# Air Breathing fish



## thename123 (Dec 13, 2009)

Out of curiosity, does anyone know any aquarium fish that can breathe fresh air as well as dissolved oxygen? I have a hunch that Poecilia's have this ability...but I may be wrong.


----------



## Fishfinder (Feb 17, 2008)

Gourami's, killifish and paradise fish all can i believe.


----------



## Hitch (Apr 26, 2009)

corys also can, and some other armoured catfish to some extent. 

Lungfish also can


----------



## bae (May 11, 2007)

Fish in distress will gulp air while trying to breathe the surface water, which will be the most highly oxygenated. You might see this with poecilids, which have mouths designed for surface feeding -- they may inadvertently gulp air while grabbing food.

Some fish have developed the ability to use air. Anabantoids (bettas, gouramis, paradise fish, etc) use a structure called the labyrinth to use air. Corydoras catfish and some other unrelated spp can swallow air and extract oxygen from it in their intestines.

Primitive fish can often use air with their swim bladders, which are open to the pharynx. Fish developed lungs first (and there still are a few species with functional lungs), and later evolved swim bladders from the lungs.

AFAIK, no killifish have developed air breathing, although they may gulp air as in teh first paragraph.


----------



## AquaNeko (Jul 26, 2009)

bae said:


> Fish in distress will gulp air while trying to breathe the surface water, which will be the most highly oxygenated. You might see this with poecilids, which have mouths designed for surface feeding -- they may inadvertently gulp air while grabbing food.
> 
> Some fish have developed the ability to use air. Anabantoids (bettas, gouramis, paradise fish, etc) use a structure called the labyrinth to use air. Corydoras catfish and some other unrelated spp can swallow air and extract oxygen from it in their intestines.
> 
> ...


If that's the case then I was thinking for a second a very silent tank setup with a smaller filter and really small air pump so the air pump won't have as large a sound as a larger pump. Just run the filter normally then bleed out say 5% load very little air into an air stone that way the air pump would not be using 100% load and thus being loud.

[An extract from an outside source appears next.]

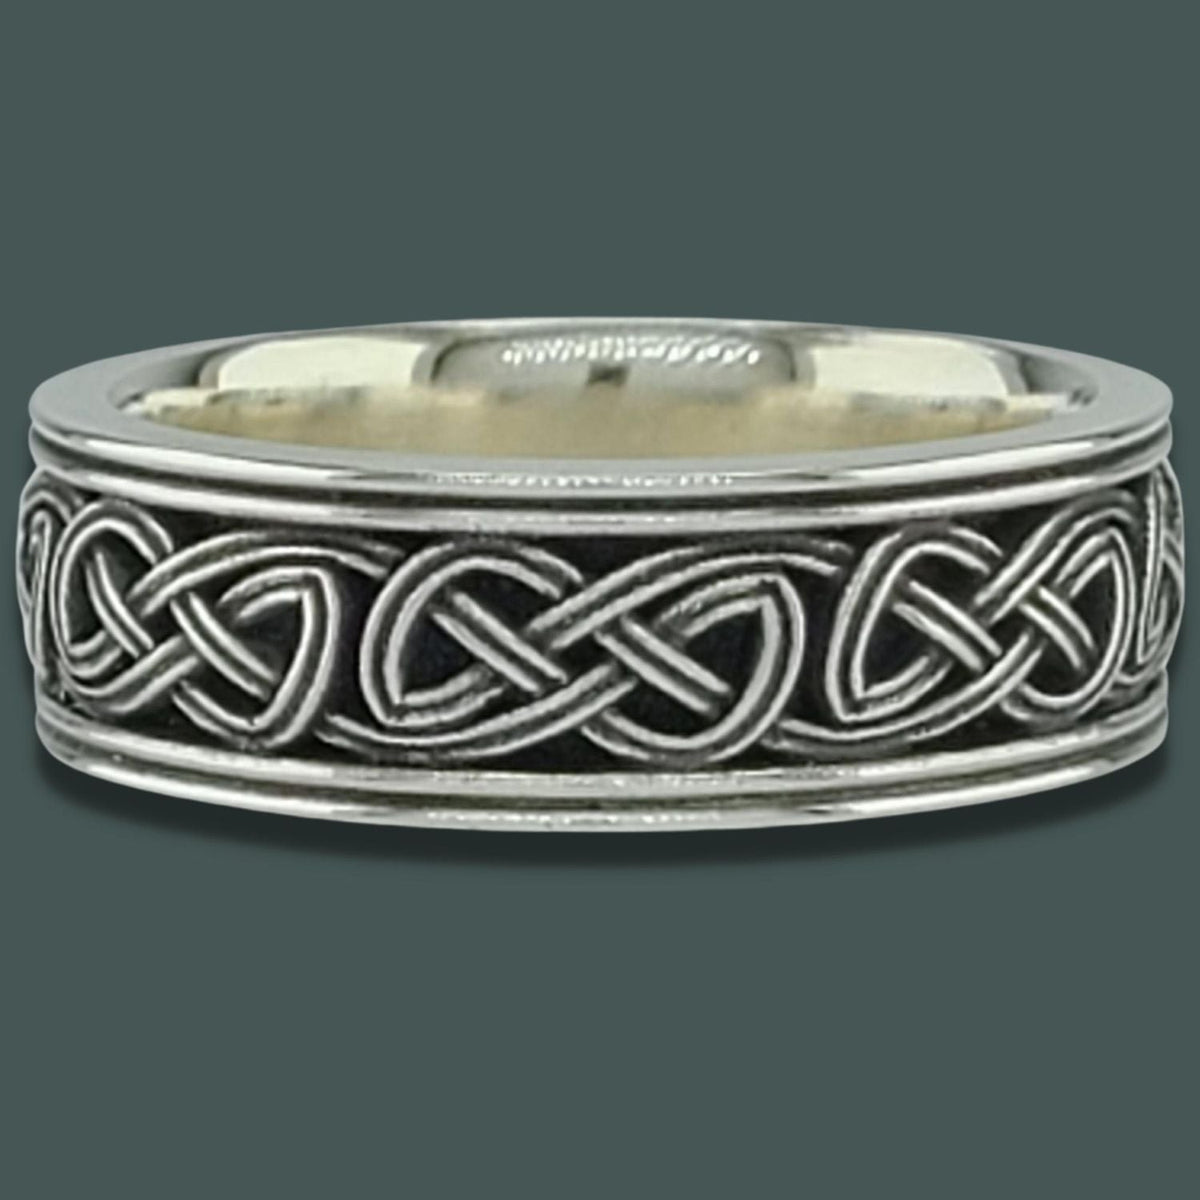 AVIEMORE NARROW - Starting at $139 - Celtic Jewelscapes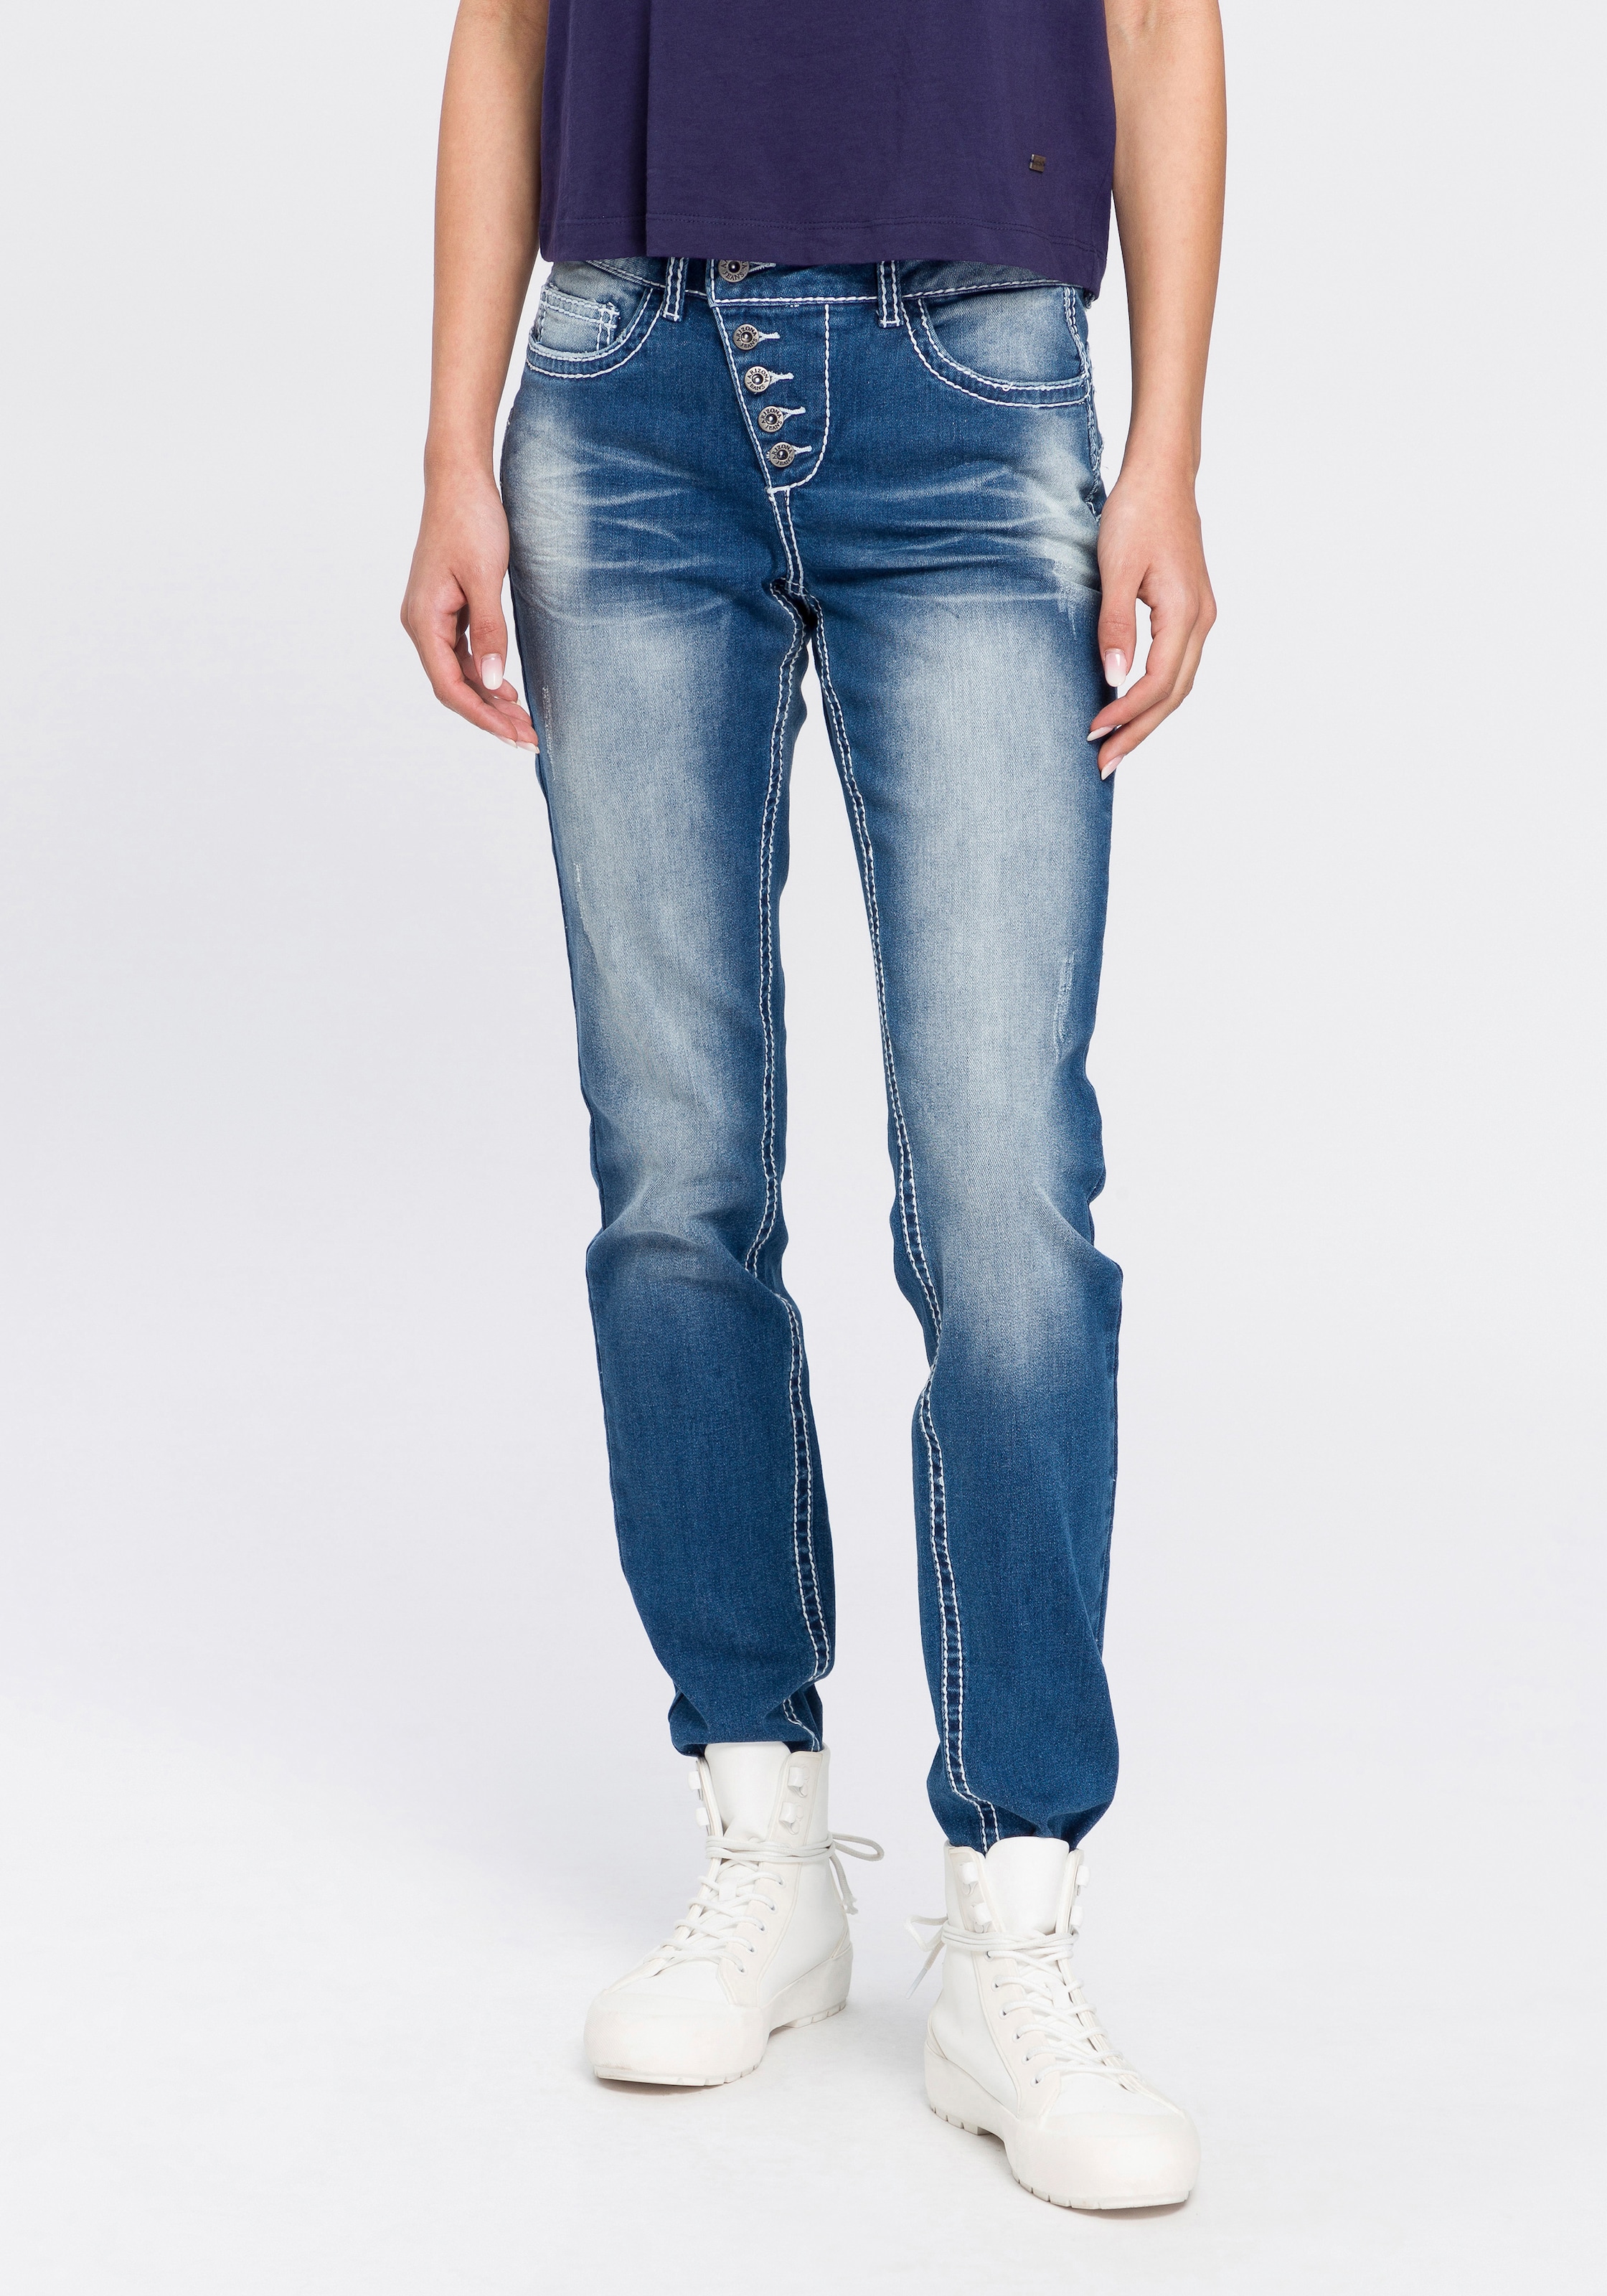 bei - »Heavy Waist Slim-fit-Jeans OTTOversand Shaping«, Arizona Mid Washed

Seeing as the fish could gulp air it would seem like a tank with lesser worry of O2 starvation if the pump died or power outage while you're away.


----------



## Hitch (Apr 26, 2009)

In that case, go with fish that has a labyrinth organ. Like the gouramis, bettas and paradise fish.


----------



## GuppiesAndBetta (Jul 27, 2009)

Gars/Lungfish/Labyrinth fish.


----------



## shark (Jan 28, 2009)

dont forget polypterus


----------



## characinfan (Dec 24, 2008)

Arapaima/pirarucu are obligate air breathers. . . not that anyone would be keeping them in a household tank.


----------



## bluekrissyspikes (Apr 16, 2009)

lungfish are cool but you need a really big tank. mine has a crappy diy filter made out of a sponge and a powerhead and has no issues. they don't care about amonia either so that makes things easier.


----------